**Directions**
Although the listing contains pictures, reproduce only its text, exactly as written.

**Supplied information**
───

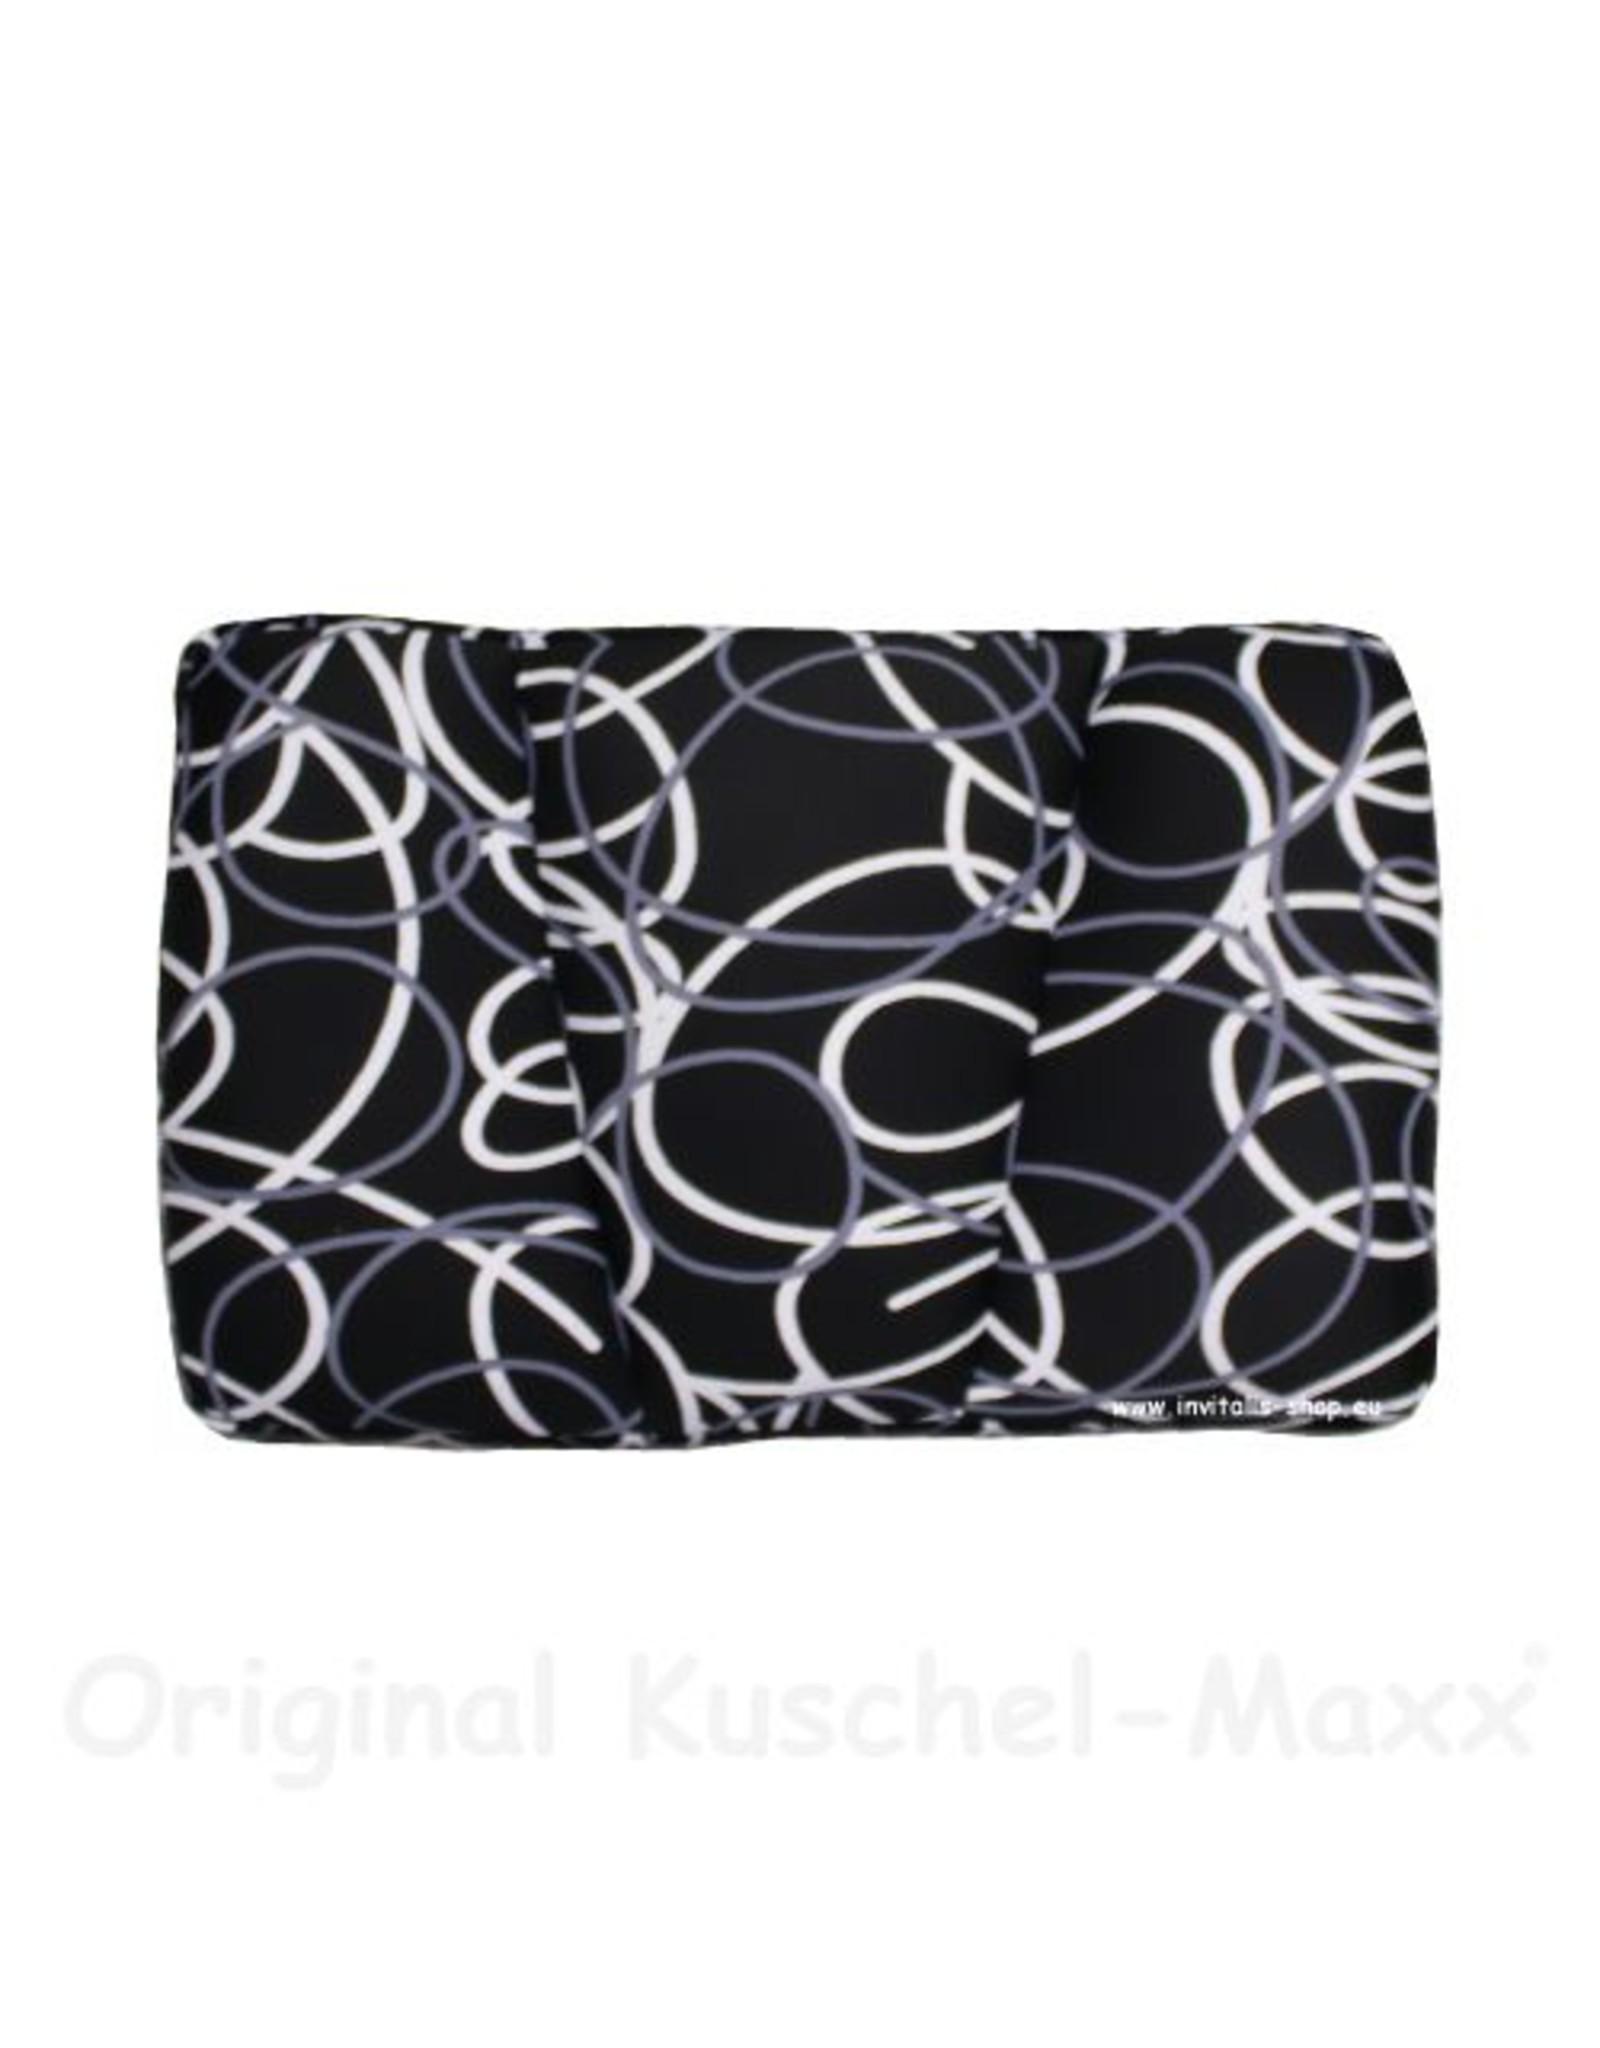 Kuschel-Maxx Kuschel-Maxx - Sleeppillow  Lines Black
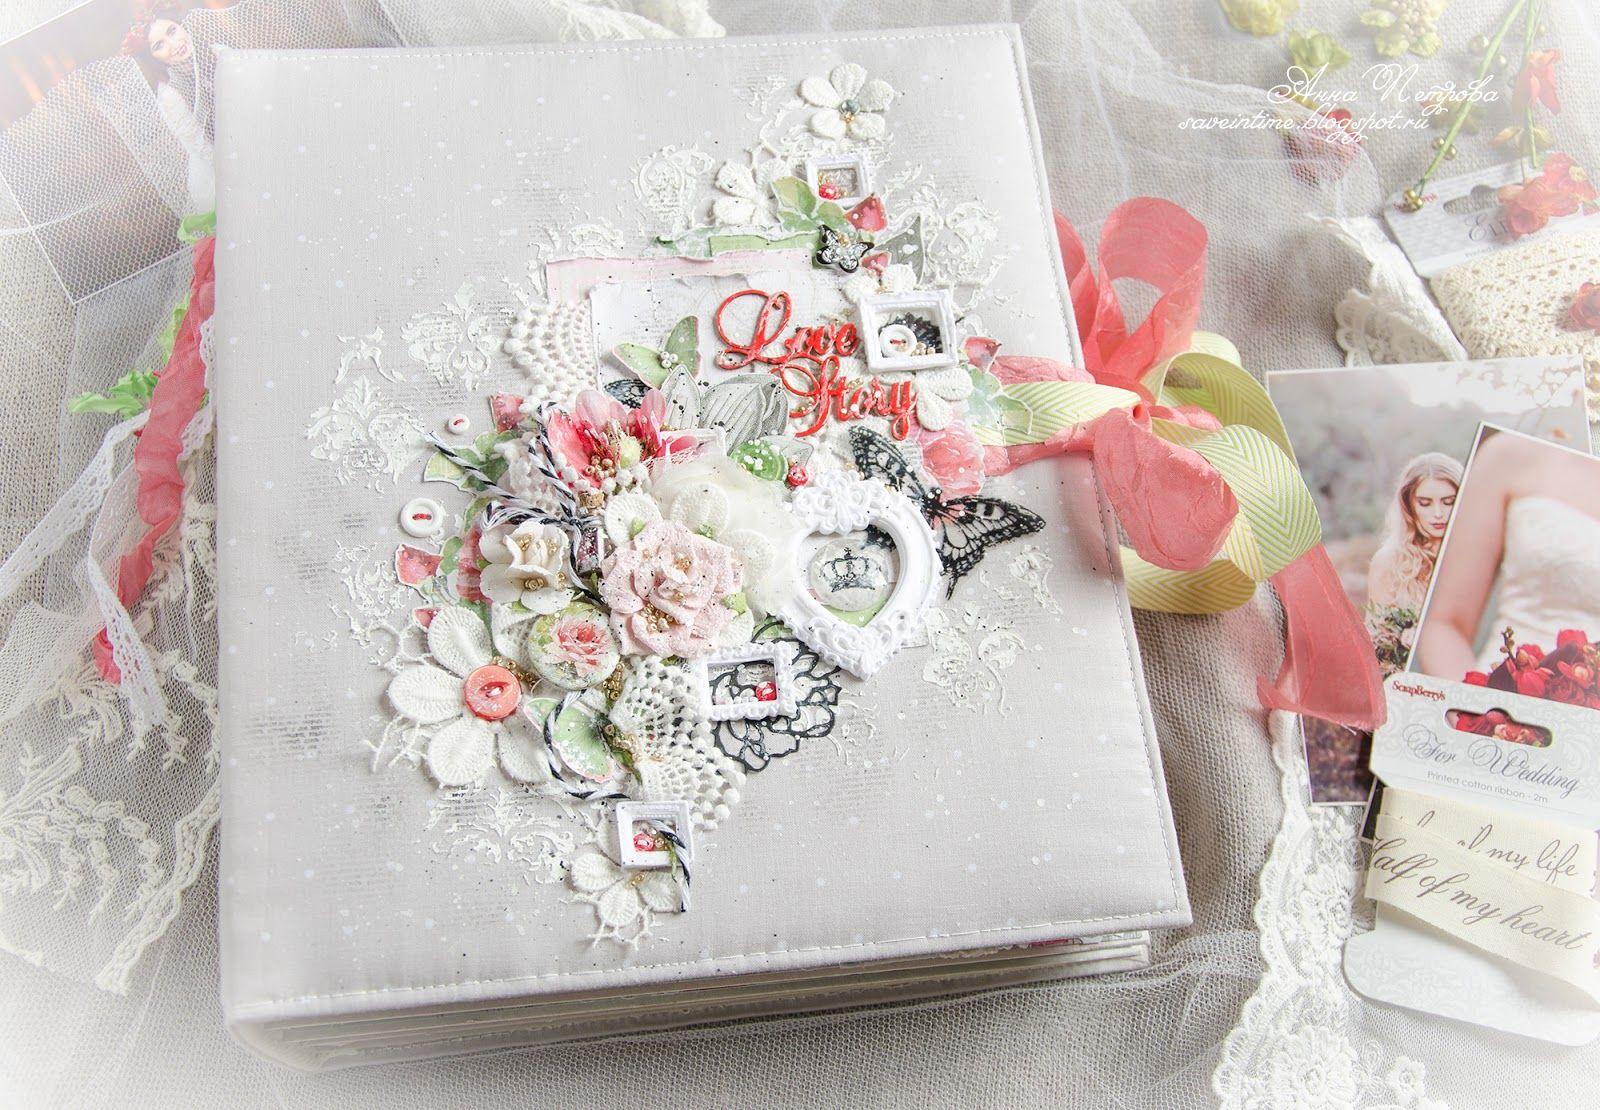 Картинки для свадебного альбома своими руками фото 608
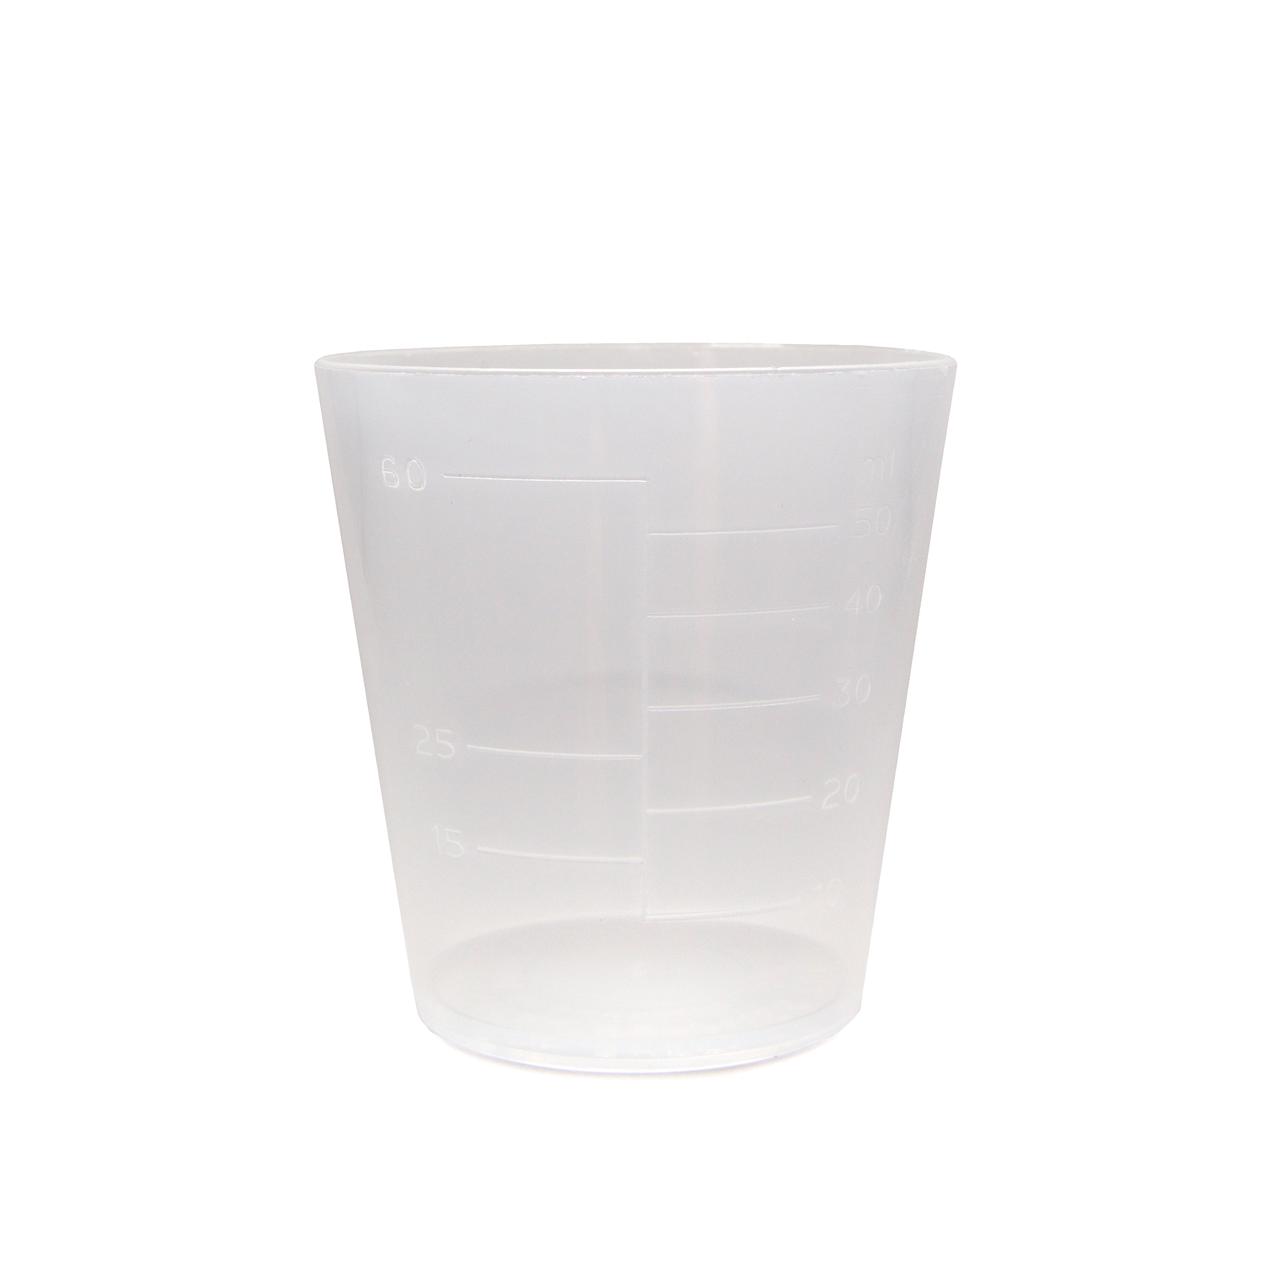 Mixing Cups, Pack of 20 - Bulk Buy

───

**Exercise result**
 Kuschel-Maxx Kuschel-Maxx - Sleeppillow  Lines Black
 Картинки для свадебного альбома своими руками фото 608
 Mixing Cups, Pack of 20 - Bulk Buy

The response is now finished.